List all the pending reservation
#tail -1 /proc/scsi/qla2xxx/[0-9]*

Perform a LUN reset to clear the lock
# vmkfstools --lock lunreset /vmfs/devices/disks/naa.50002ac000080a7e



---------------
ESXi /var/log/messages Error Logs:
---------------
Feb 18 19:11:32 Vpxa: [2011-02-18 19:11:32.385 1D695B90 warning 'App'] [VpxaHalStats] Unexpected return result. Expect 1 sample, receive 2
Feb 18 19:11:35 Vpxa: [2011-02-18 19:11:35.216 1D613B90 verbose 'SoapAdapter.HTTPService'] User agent is 'VMware-client/4.1.0'
Feb 18 19:11:35 Vpxa: [2011-02-18 19:11:35.216 1D613B90 verbose 'SoapAdapter.HTTPService'] HTTP Response: Client: NeedsContentLength: false UnderstandsChunking: true CanKeepAlive: true (PresetContentLength -1)
Feb 18 19:11:35 Vpxa: [2011-02-18 19:11:35.216 1D5D2B90 info 'App' opID=task-internal-22417-dbfb04f9] [VpxLRO] -- BEGIN task-internal-22417 -- -- vpxapi.VpxaService.fetchQuickStats -- 52c7f745-06cb-1a35-9dd0-388015a6d4f4
Feb 18 19:11:35 Vpxa: [2011-02-18 19:11:35.216 1D5D2B90 verbose 'SoapAdapter.HTTPService' opID=task-internal-22417-dbfb04f9] HTTP Response: Complete (processed 396 bytes)
Feb 18 19:11:35 Vpxa: [2011-02-18 19:11:35.216 1D5D2B90 info 'App' opID=task-internal-22417-dbfb04f9] [VpxLRO] -- FINISH task-internal-22417 -- -- vpxapi.VpxaService.fetchQuickStats -- 52c7f745-06cb-1a35-9dd0-388015a6d4f4
############################################################### Error ###############################################################
Feb 18 19:11:37 vmkernel: 10:02:15:41.486 cpu17:4113)ScsiDeviceIO: 1672: Command 0x16 to device "naa.50002ac000050a7e" failed H:0x5 D:0x0 P:0x0 Possible sense data: 0x0 0x0 0x0.

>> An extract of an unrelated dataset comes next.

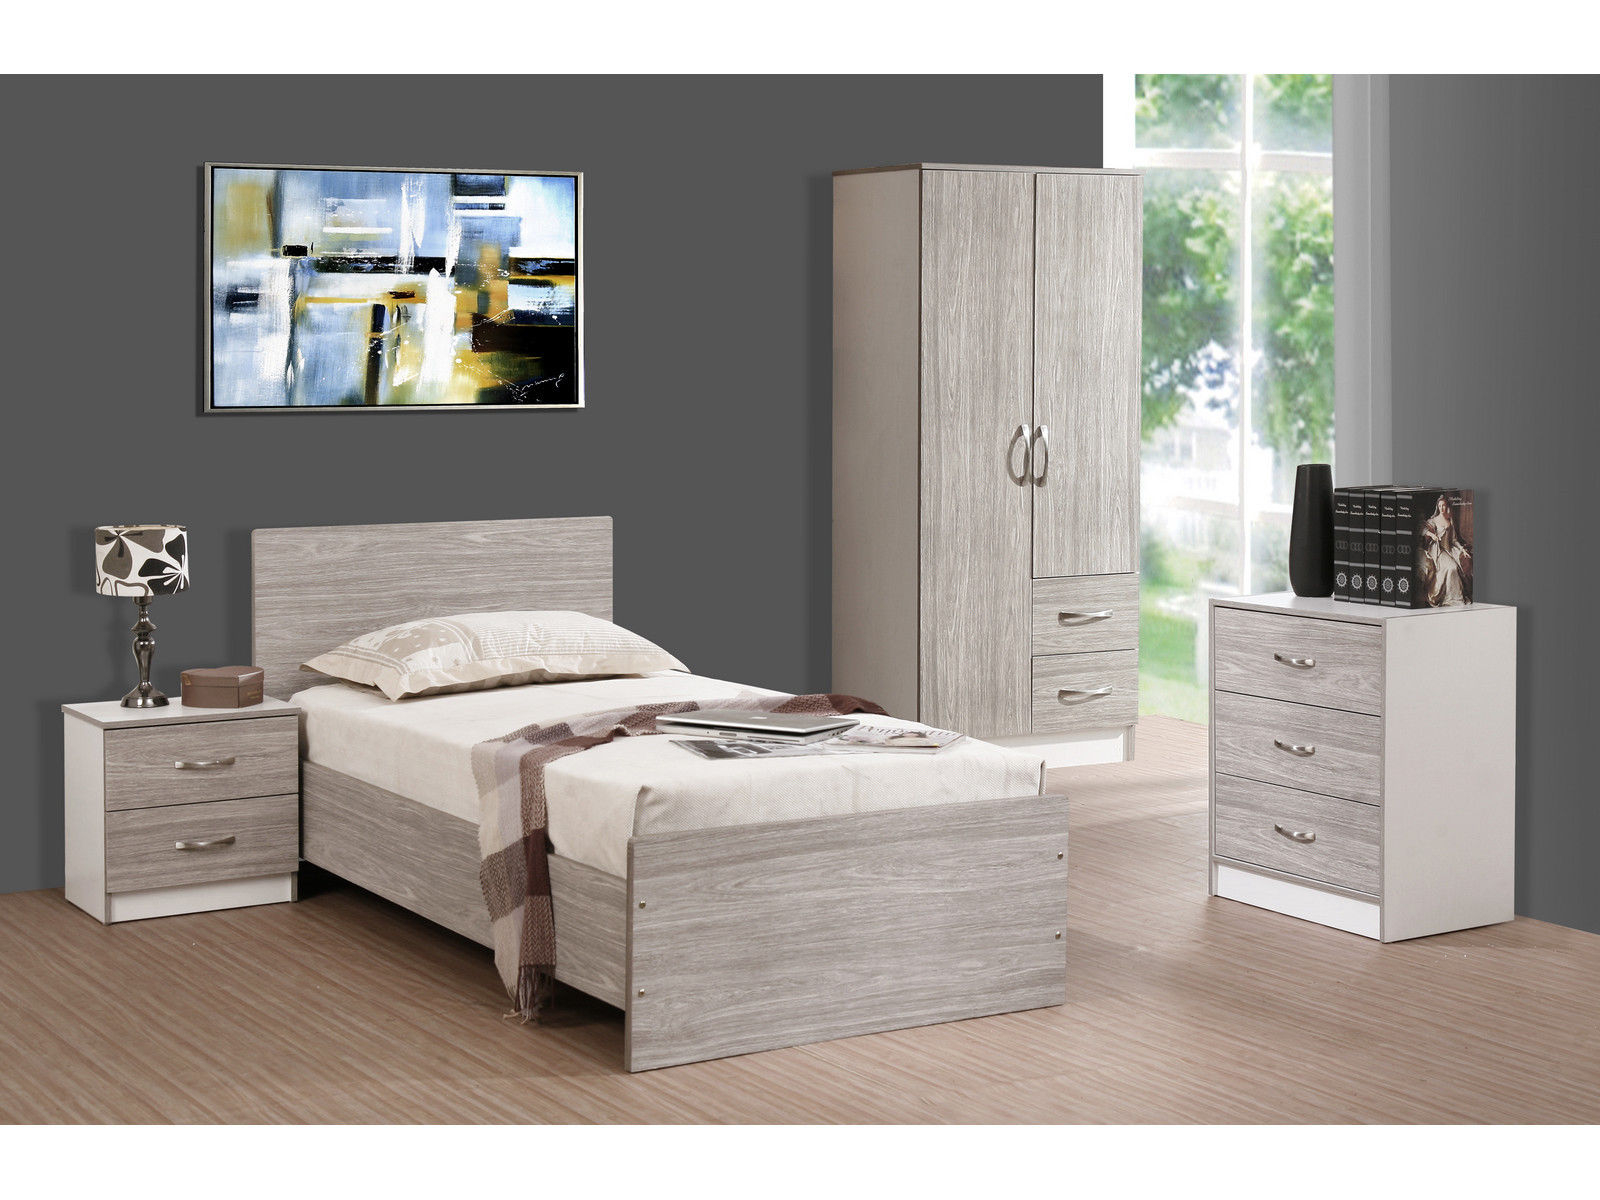 Details About Grey Oak White 3 Piece Bedroom Furniture Set Marina High Gloss Range throughout measurements 1600 X 1200

Feb 18 19:11:37 vmkernel: 10:02:15:41.486 cpu4:4134)WARNING: FS3: 7030: Reservation error: Timeout
Feb 18 19:11:37 vmkernel: 10:02:15:41.534 cpu4:4134)FS3: 6978: Starting HB reclaim for [HB state abcdef02 offset 3809280 gen 49 stamp 868815074527 uuid 4d5175ef-d3ceec8d-8b50-a4badb47bc9f jrnl drv 8.46]
############################################################### Error ###############################################################
Feb 18 19:11:37 vmkernel: 10:02:15:42.274 cpu17:4113)ScsiDeviceIO: 1672: Command 0x16 to device "naa.50002ac000080a7e" failed H:0x5 D:0x0 P:0x0 Possible sense data: 0x0 0x0 0x0.
Feb 18 19:11:37 vmkernel: 10:02:15:42.274 cpu6:4135)WARNING: FS3: 7030: Reservation error: Timeout
Feb 18 19:11:37 vmkernel: 10:02:15:42.274 cpu18:697291)FS3: 7346: Waiting for timed-out heartbeat [HB state abcdef02 offset 3809280 gen 3517 stamp 871821852348 uuid 4d5175ef-d3ceec8d-8b50-a4badb47bc9f jrnl drv 8.46]
Feb 18 19:11:37 vmkernel: 10:02:15:42.274 cpu6:4135)FS3: 6978: Starting HB reclaim for [HB state abcdef02 offset 3809280 gen 3517 stamp 871821852348 uuid 4d5175ef-d3ceec8d-8b50-a4badb47bc9f jrnl drv 8.46]
Feb 18 19:11:38 Vpxa: [2011-02-18 19:11:38.322 1D85CB90 verbose 'SoapAdapter.HTTPService'] User agent is 'VMware-client/4.1.0'
Feb 18 19:11:38 Vpxa: [2011-02-18 19:11:38.323 1D85CB90 verbose 'SoapAdapter.HTTPService'] HTTP Response: Client: NeedsContentLength: false UnderstandsChunking: true CanKeepAlive: true (PresetContentLength -1)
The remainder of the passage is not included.